Reduce the solution space
You will often have solutions that are very unlikely because they are expensive or have some bad features that makes them hard to use in practice. You can fix variables to zero that likely would result in bad solutions, or add some additional constraints to remove solutions that wouldn't be practical.
Warm starts
This is an easy one. Often you will have an existing solution that is almost feasible or just bad quality. Feed it into the solver as a start solution will usually give significant speed improvements.
Parameter tuning
MIP solvers are built to solve a large variety of different models. You can often get significant speed ups by tuning the parameters to your specific model. Both CPLEX and Gurobi have parameter tunning tools that can help you find better parameters.
Sequential optimization
If you have multiple levels of decisions. You can start by solving the most important decisions and fix those before you solve for the rest of the decisions.

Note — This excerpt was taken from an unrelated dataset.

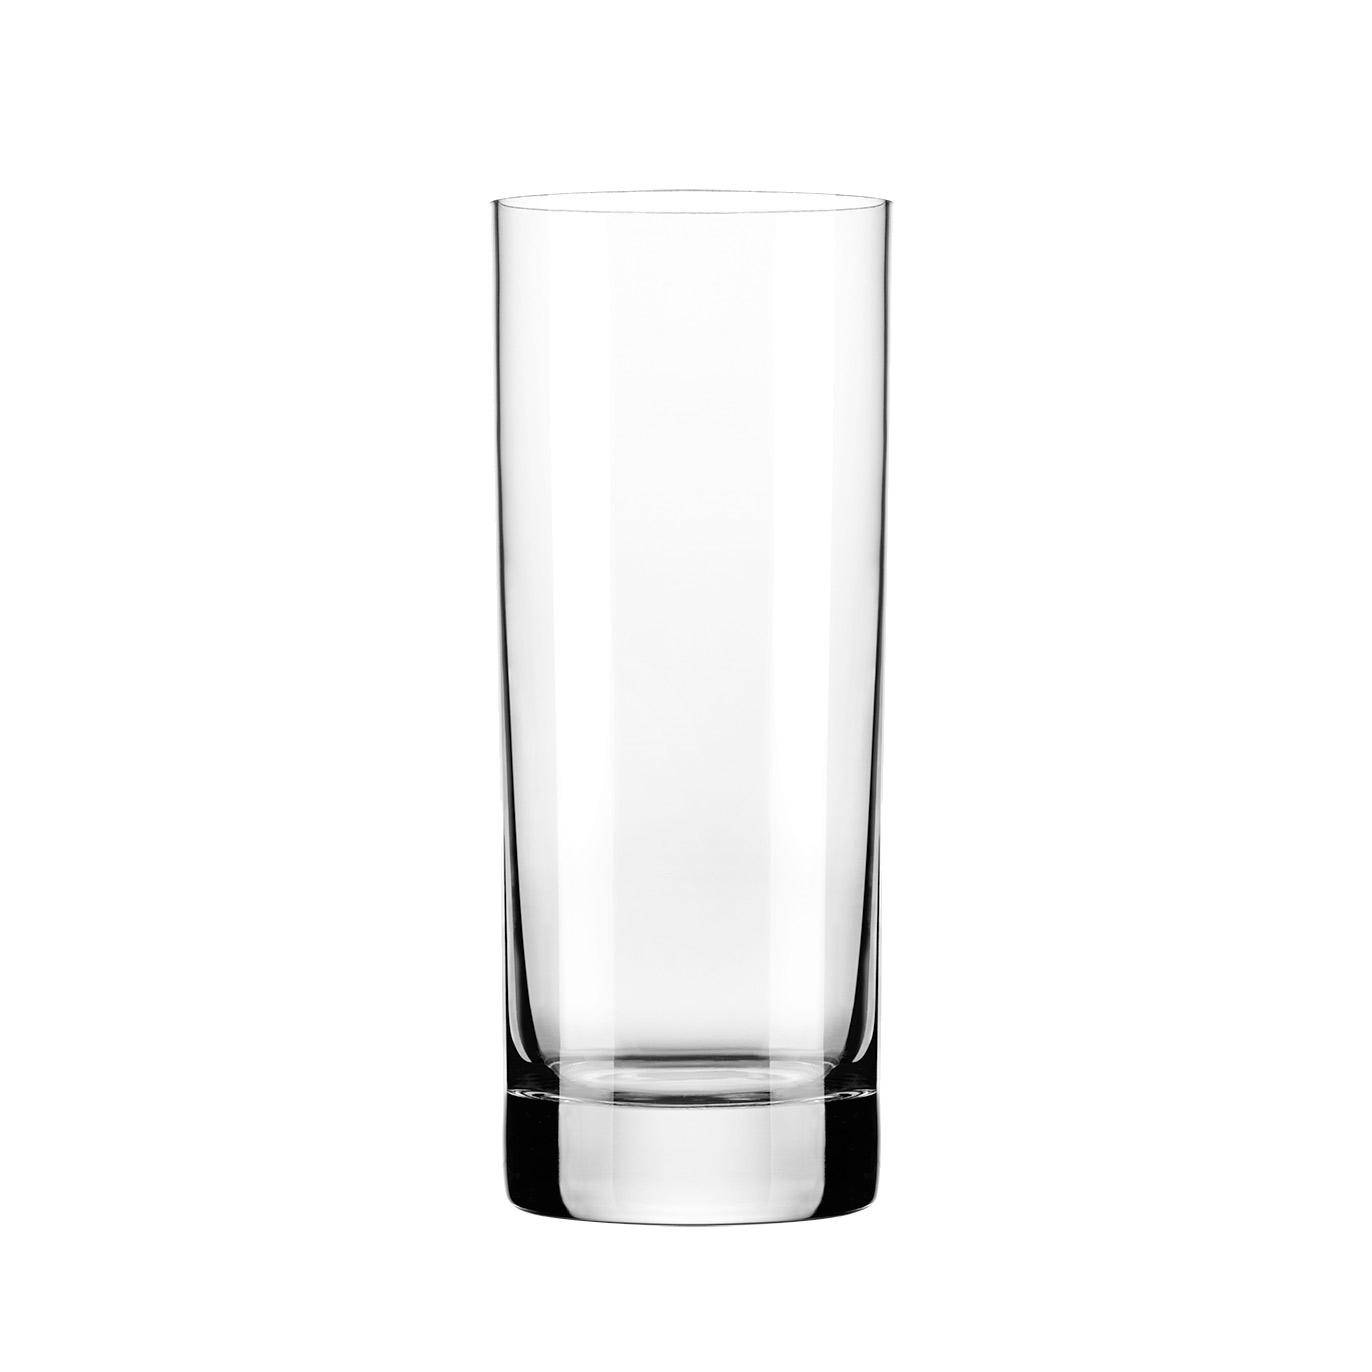 Libbey Glass 9039 glass, water / tumbler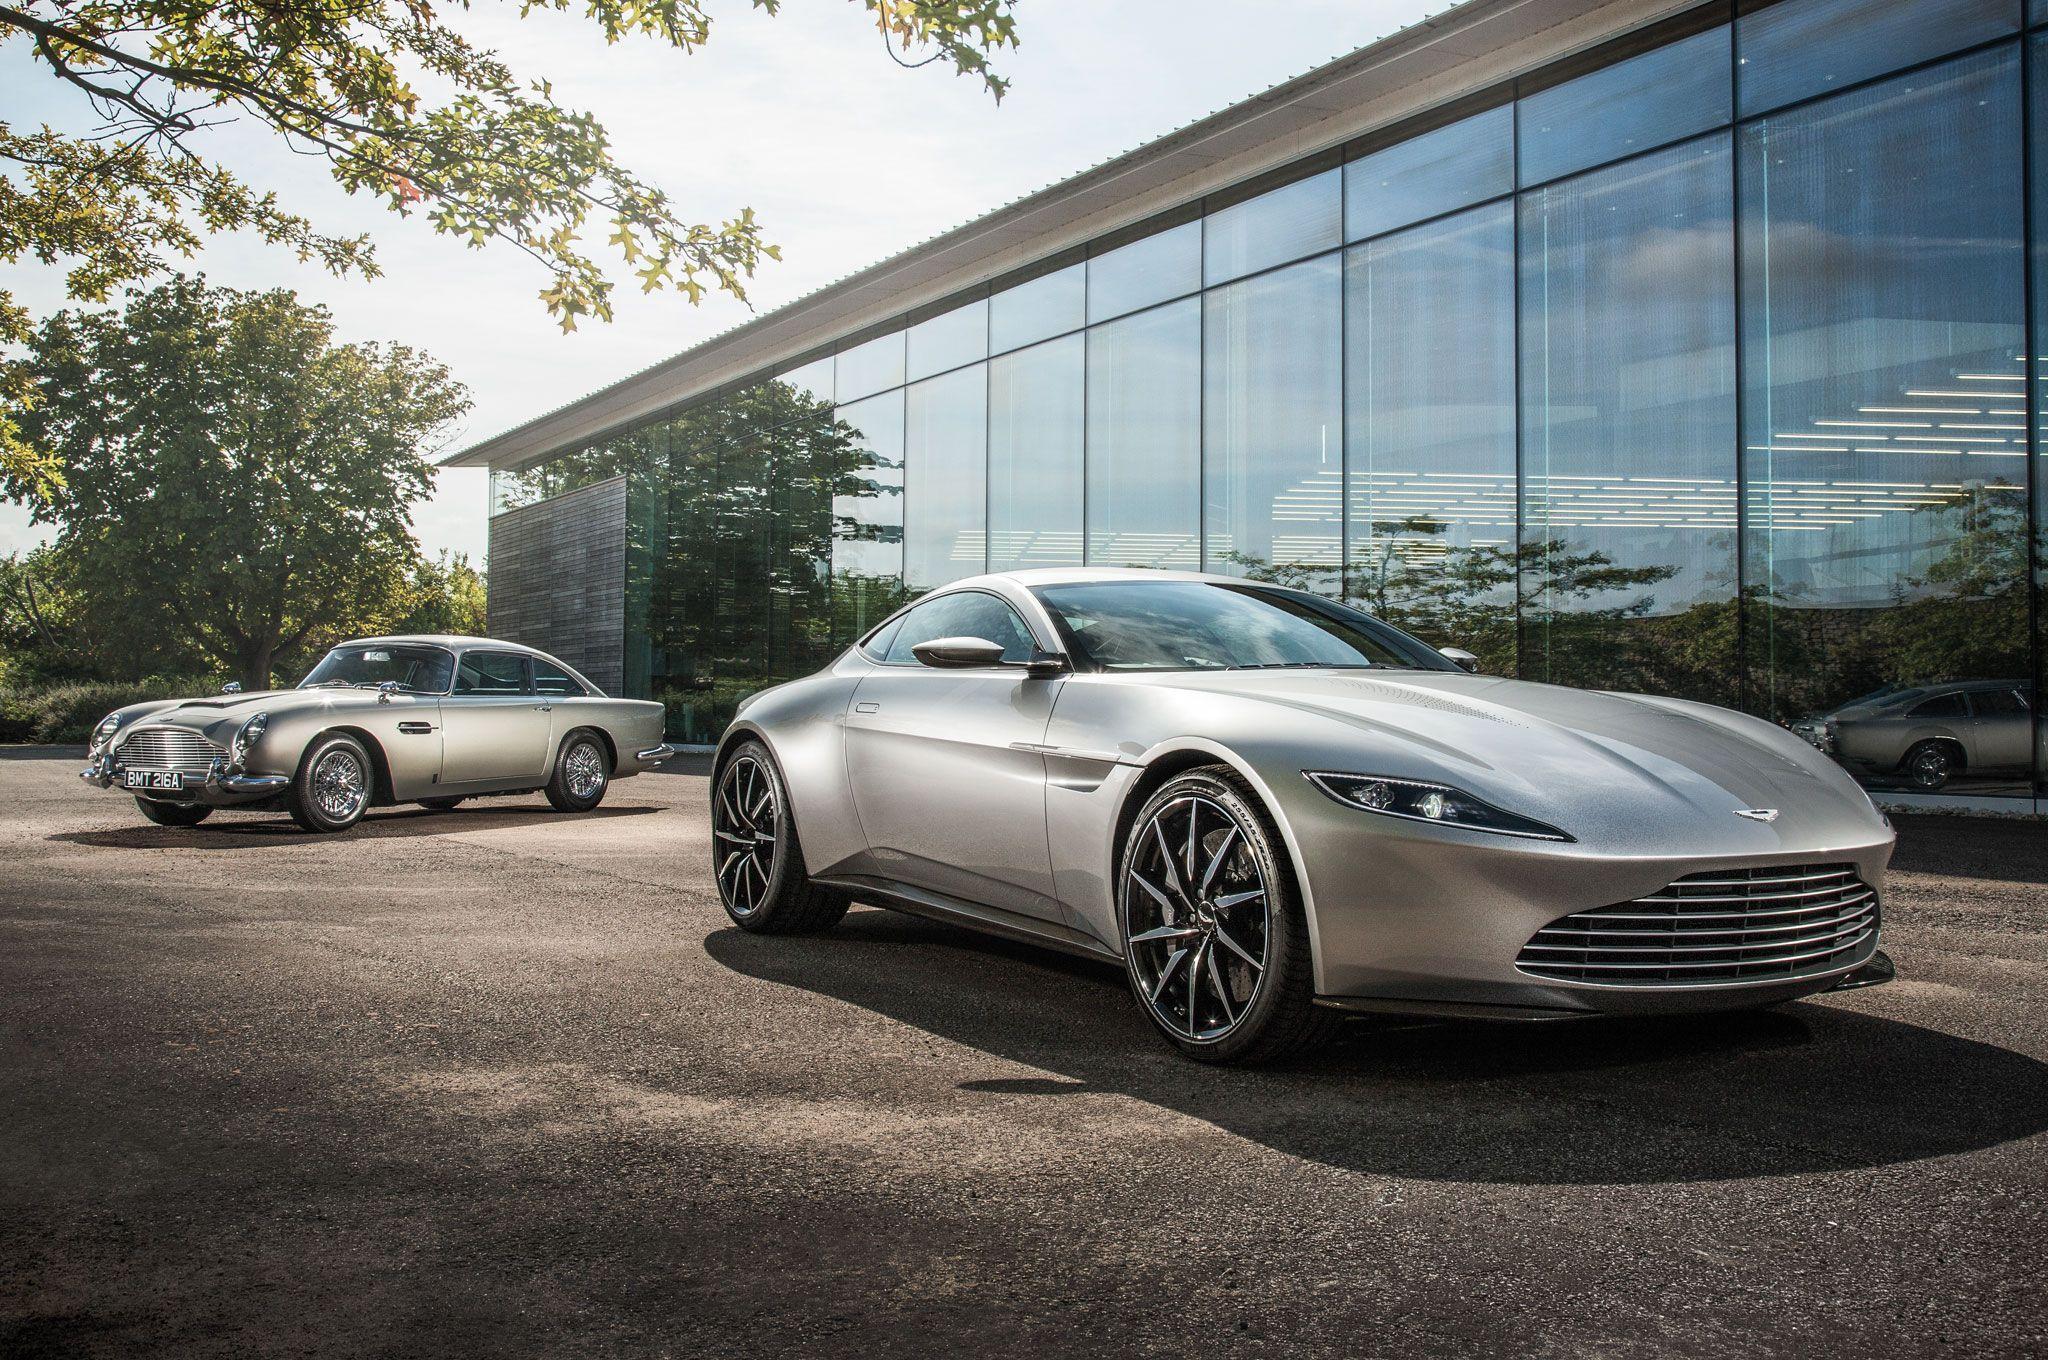 Aston Martin DB11 Wallpapers - Wallpaper Cave

A good example is this article by Lach and Lübbecke (2012) where they solve a timetabling problem by first assigning the times for courses and then assign the rooms.
Fix-and-optimize
You can also use the MIP solver as part of a local search. If you have a start solution you can fix a part of the variables and solve the resulting smaller problem. You can then fix a different part of the variables and continue like this.
An example of this used to solve a timetabling problem can be seen in this paper by Lindahl et al. (2018).
References
[1] Lach, G., Lübbecke, M. (2012). Curriculum based course timetabling: New solutions to Udine benchmark instances. Annals of Operations Research. 194:255-272.
[2] Lindahl, M., Sørensen, M., Stidsen, T. R. (2018). A fix-and-optimize matheuristic for university timetabling. Journal of Heuristics. 24(4):645-665.